Ce sonnet allongé eu beaucoup de succès et suscita un pastiche de Théodore de BANVILLE , lui aussi en vers trisyllabiques.

Victor HUGO a employé plusieurs fois le trisyllabe, avec virtuosité. Dans les années 1828-1830, il semble s'être complu à utiliser des vers courts, soit en combinaisons, soit seuls :


LE PRINCE FAINÉANT

Guy, mon père,
N'use point
À rien faire
Son pourpoint.
Pas de fête
Qu'il n'apprête,
Casque en tête,
Dague au poing.
...

Victor HUGO

Il n'avait pas publié ce poème à cette époque. Par contre, au même moment, il écrivit puis publia [u]deux cent cinquante-six vers trisyllabiques[/i] employés seuls, d'une seule coulée, dans une "ballade" dont la musique de SAINT-SAËNS accrut encore la célébrité à la fin du siècle :


LE PAS D'ARME DU ROI JEAN
...
Nous qui sommes
De par Dieu,
Gentilshommes
De haut lieu,
Il faut faire
Bruit sur terre,
Et la guerre
N'est qu'un jeu.

Ma vieille âme
Enrageait ;
Car ma lame
Qui rongeait
Cette rouille
Qui la souille
En quenouille
Se changeait.
...

Victor HUGO

On a l'impression que pour Victor HUGO, ce mètre court et martelé par le retour de la rime donne une coloration ancienne au poème. Il va l'utiliser, d'ailleurs, dans l'opéra "La Esmeralda" que Louise BERTIN tire de "Notre-Dame de Paris" (1831). Elle n'était pas sans talent. On trouve dans le livret de l'opéra de nombreux passages en vers de trois syllabes, comme la chanson de Quasimodo :


Mon Dieu ! j'aime
Hors moi-même
Tout ici !
L'air qui passe
Et qui chasse
Mon souci !
L'hirondelle
Si fidèle
Aux vieux toits !
Les chapelles
Sous les ailes
De la croix !
...

Victor HUGO

Malgré l'incroyable virtuosité de ce maître du vers, l'emploi du trisyllabe n'allait pas toujours sans quelque difficulté.

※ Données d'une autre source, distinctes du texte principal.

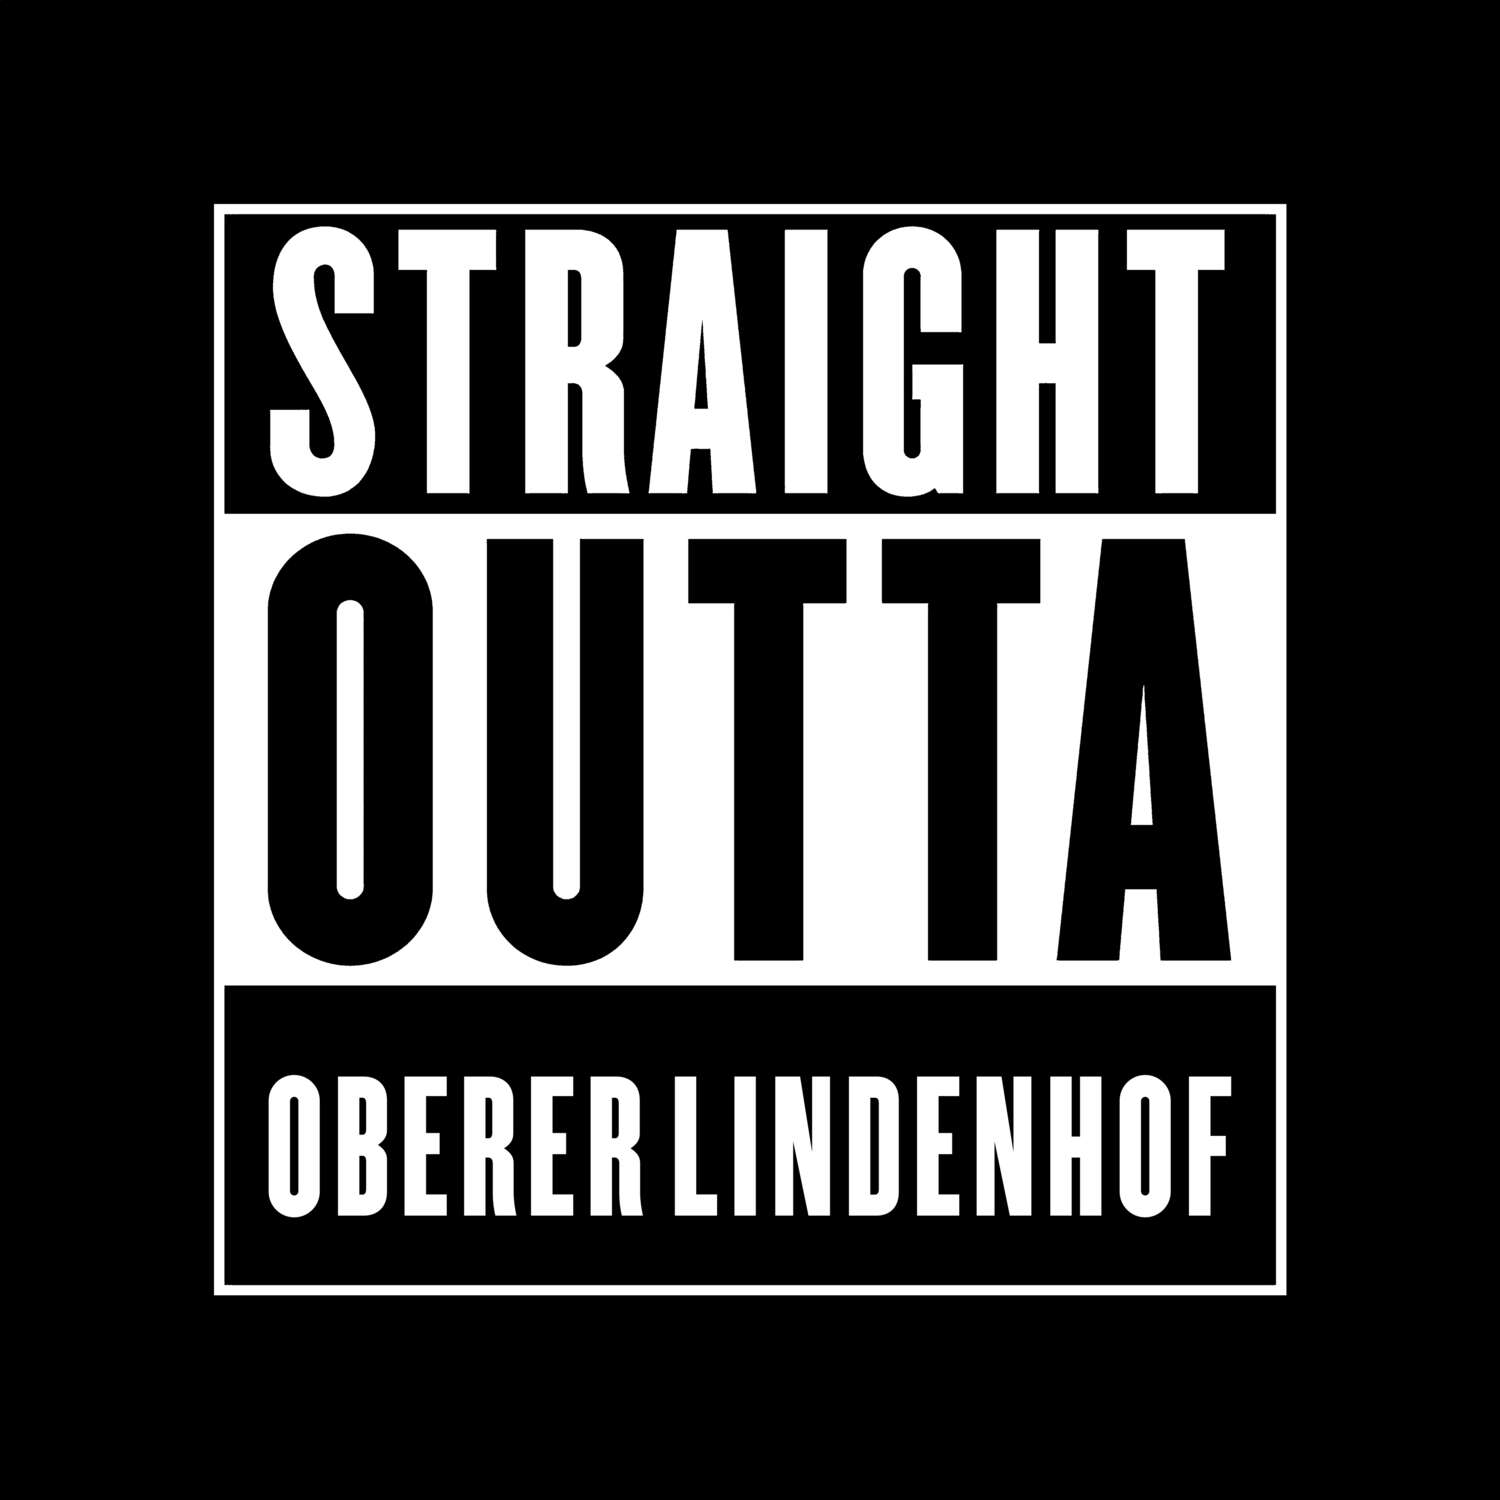 Oberer Lindenhof T-Shirt »Straight Outta«

Pendant l'écriture et la composition de l'œuvre, il l'a avoué, peut-être avec quelque coquetterie, à la musicienne de vingt-huit ans, alors qu'il en avait trente et un :

- "Il y a trois méchants petits vers que j'ai retournés de cent façons sans pouvoir en venir à bout. Vous en êtes bien mécontente, n'Est-ce pas, et moi aussi. Ce ne sont pourtant que trois petits vers de trois syllabes chacun, en tout neuf syllabes. Je vous assure que c'est bien la petite escouade de syllabes la plus revêche que j'aie rencontrée dans ma vie d'aligneur des mots". (Victor HUGO).